When Jews no longer care for their people
Last week, the Senate, on an almost straight party-line vote, confirmed Kristen Clarke to head the Justice Department’s Civil Rights Division. There were many good reasons to oppose her confirmation on policy grounds — her support for investing less in the police, i.e., defunding; her organizing a conference as a law student in support of a number of cop-killers as “political prisoners”; and, most relevant to her new position, her expressed belief that the race of the applicant should be a factor in all hiring decisions, even for heart surgeons and airline pilots.
As a Harvard undergraduate, Clarke wrote an opinion piece in the Harvard Crimson, asserting that blacks have “superior physical and mental abilities,” citing the “melanin” thesis of Dr. Carol Barnes that because of their higher levels of melanin, blacks are endowed with greater mental, physical, and spiritual abilities. Clarke told the Senate Judiciary Committee that her op-ed was a satire. But the editors of the Crimson at the time found not the slightest “trace of irony” in her piece, which they retracted. She refused their request to specifically repudiate the pseudo-science she quoted.
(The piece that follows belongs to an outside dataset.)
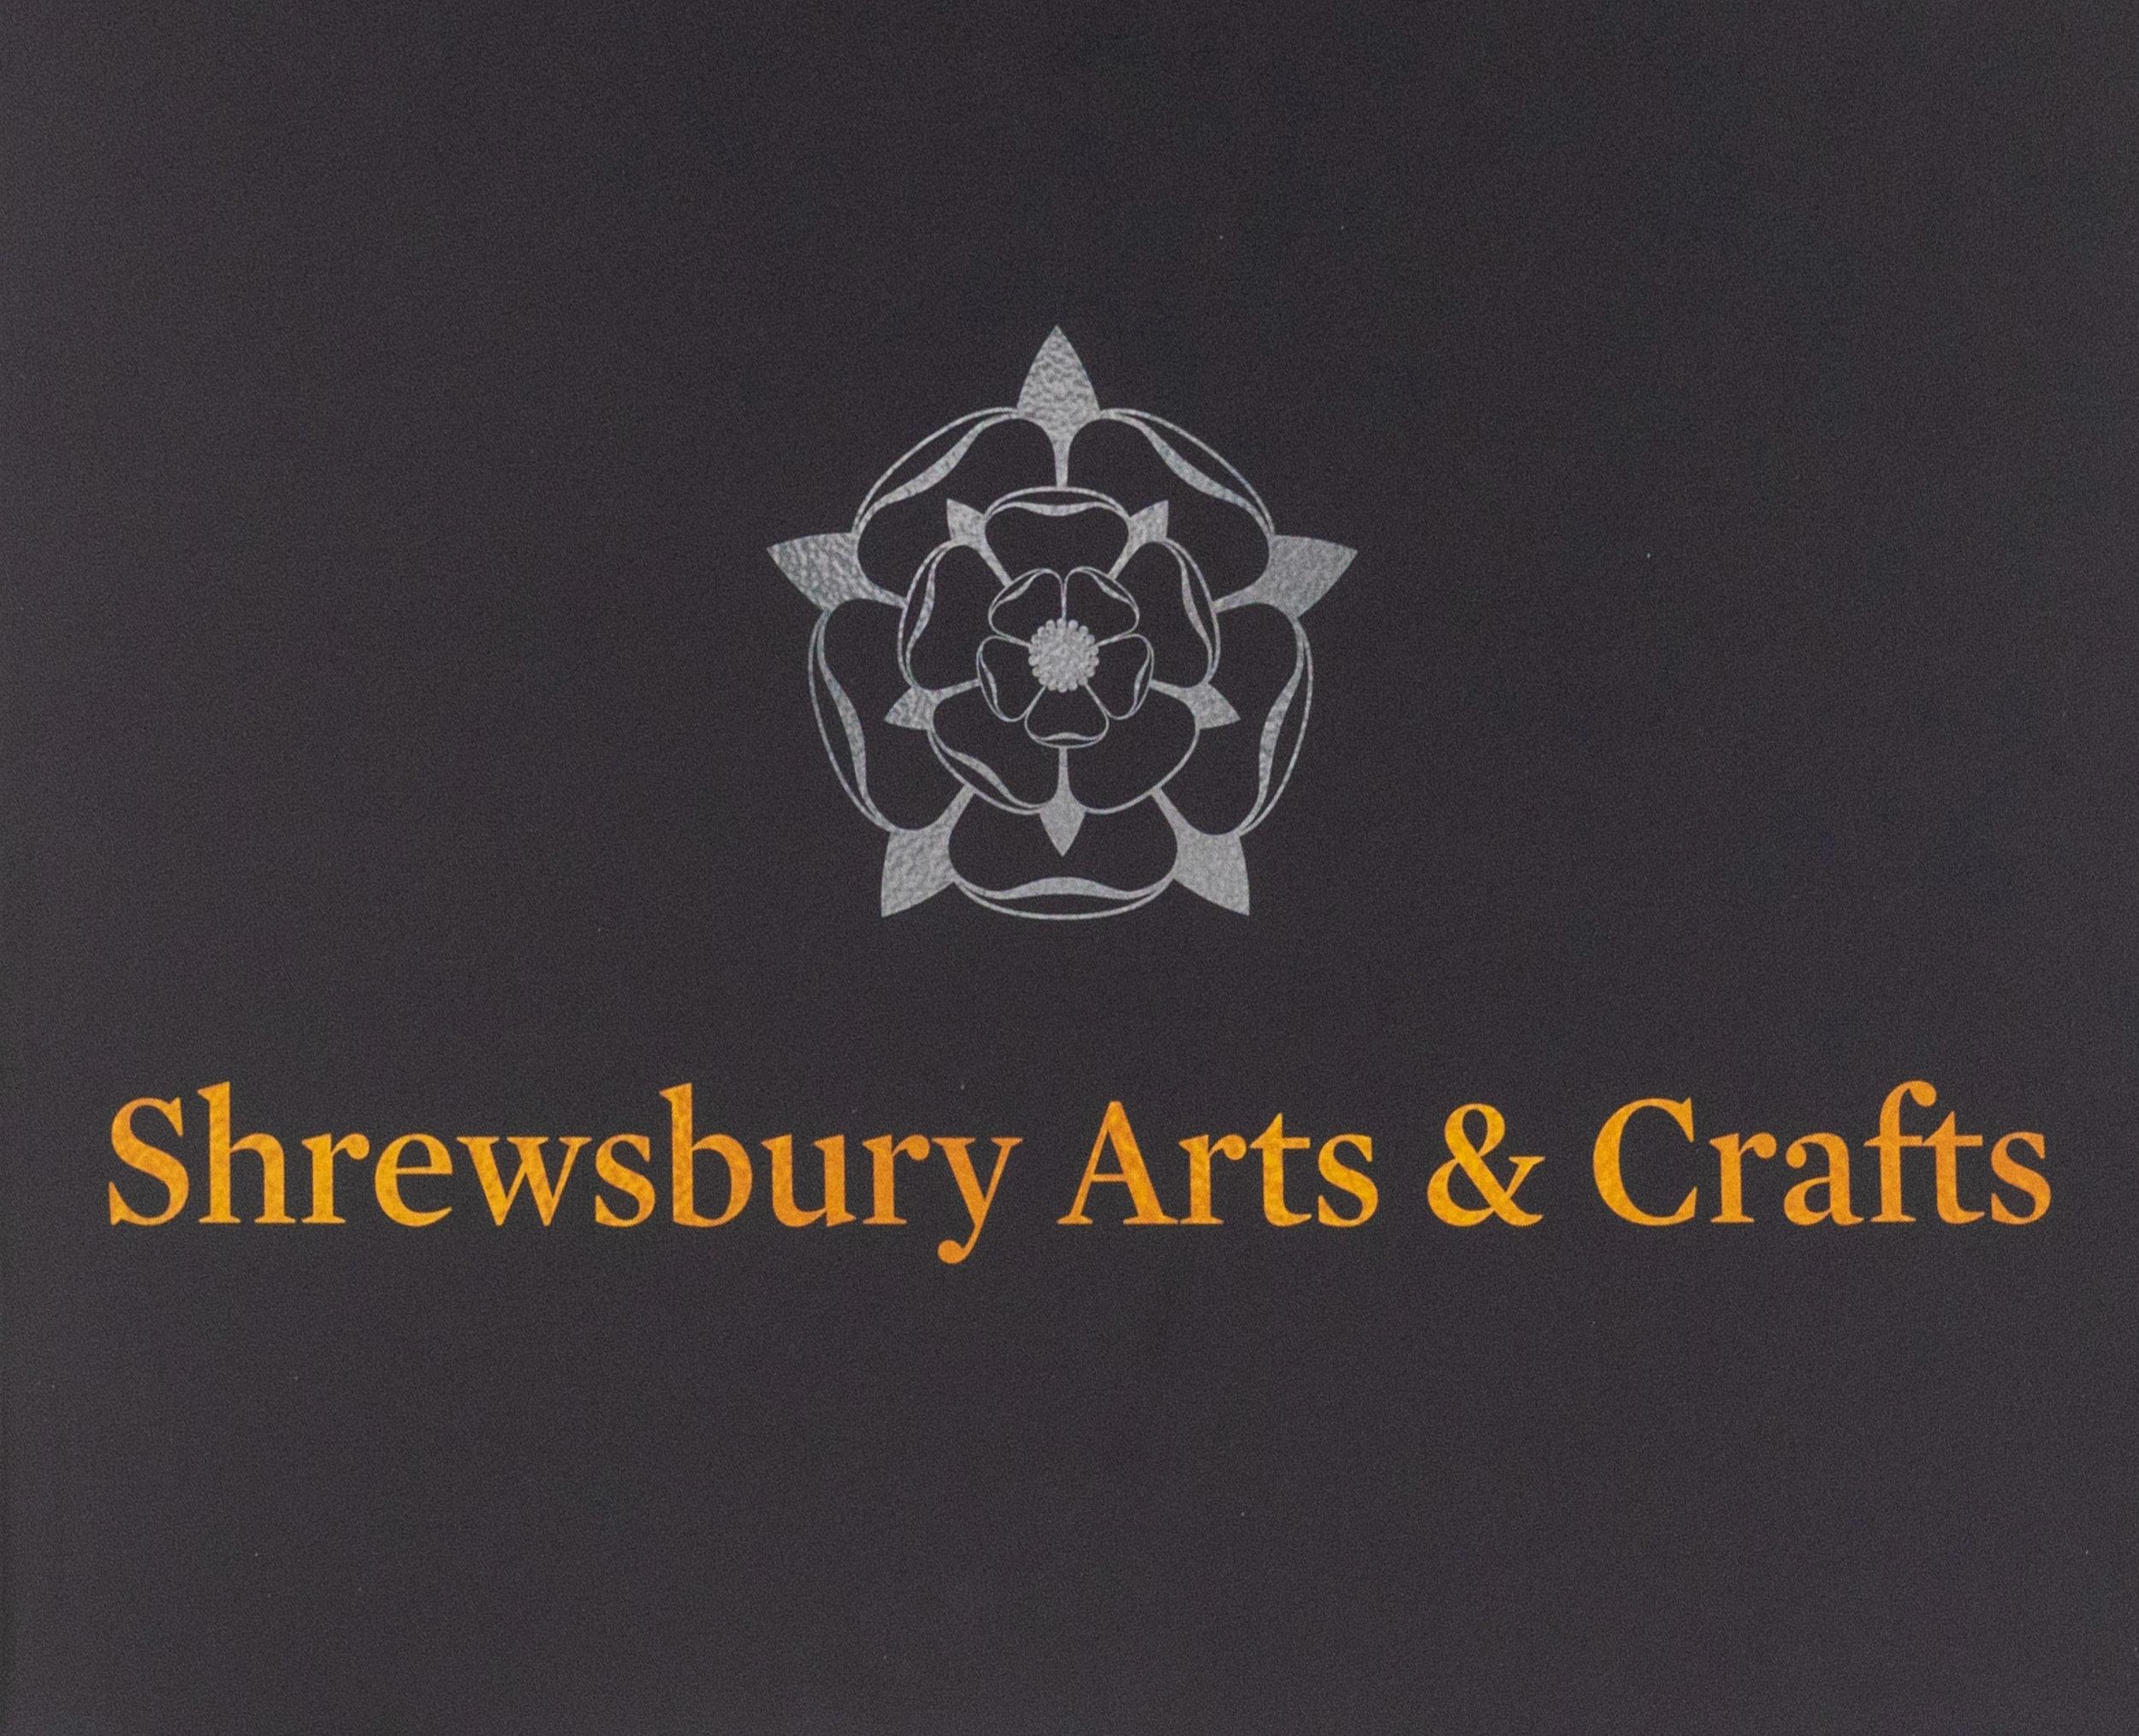 ShrewsburyArts&Crafts_Sign-9833-Edit.jpg
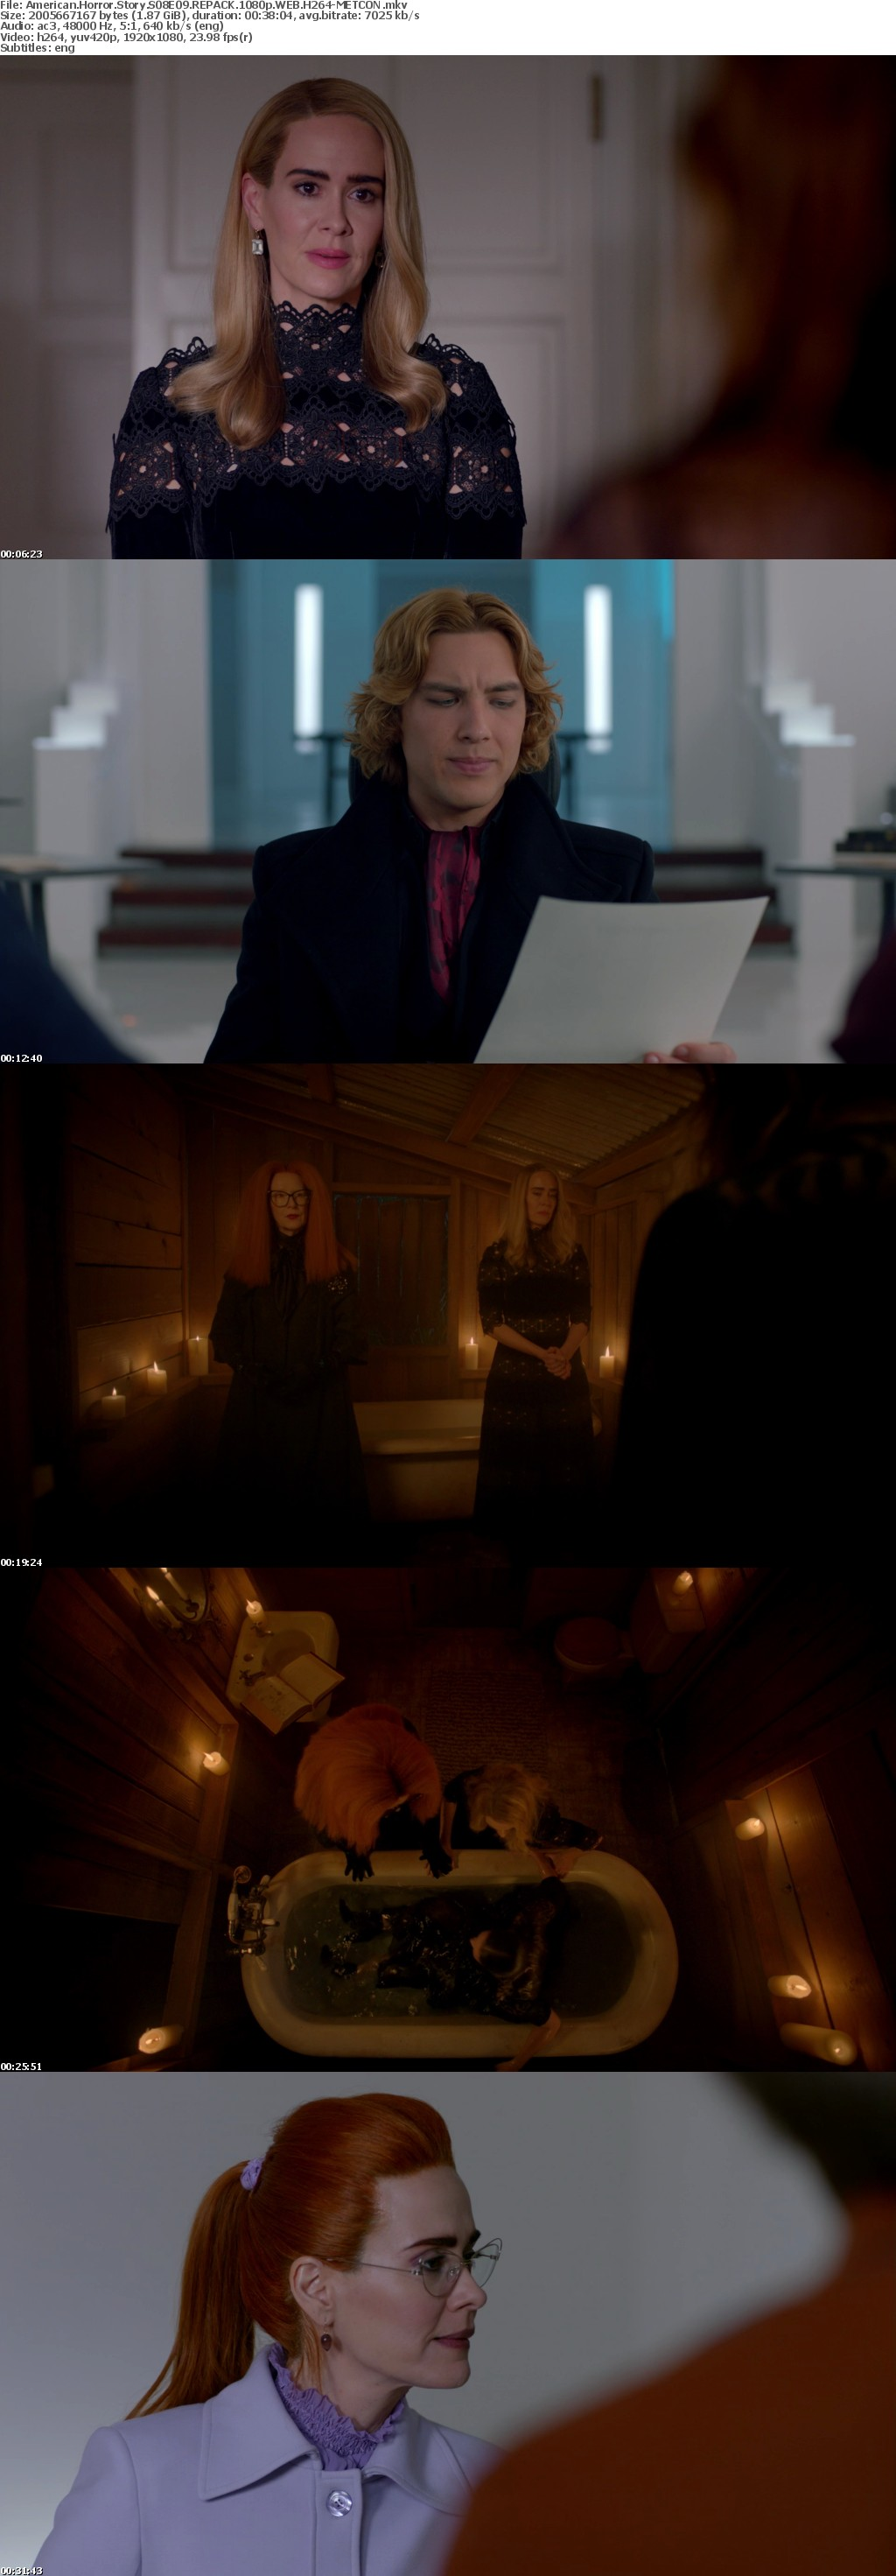 American Horror Story S08E09 REPACK 1080p WEB H264-METCON

Not only that, as head of the Black Students Association, Clarke invited as a speaker Professor Tony Martin, a proponent of many of the same black supremacy theories that Clarke had cited, and, for good measure, an outspoken anti-Semite and author of The Jewish Onslaught: Dispatches from the Wellesley Battlefront. In his speech, Martin denounced the Torah, Talmud, and Maimonides as racist texts. Subsequently, Clarke defended Martin to the Harvard Crimson as “an intelligent, well-versed Black intellectual who bases his information on indisputable fact.”
Of even greater concern — at least to those of us living in Israel — is President Biden’s appointment to senior policy-making positions of a veritable all-star team of officials hostile to Israel. Chief among them is Assistant Secretary of State for Israel-Palestine Hady Amr, the senior State Department figure setting policy with respect to Hamas and the Israel-Palestinian conflict. Amr previously served as the national coordinator for the anti-Israel Middle East Justice Network, which has criticized Israel for “ethnic cleansing” and “apartheid.” Within a year of 9/11, he wrote that the US should not be surprised that its military assistance to Israel and support for Israel in the UN Security Council came back to haunt it. (Even Osama bin Laden did not claim that support for Israel was his primary grievance against America.) At the time, Hadr described himself as inspired by the Second Intifada, which had unleashed a two-year run of terror attacks on Israeli civilians.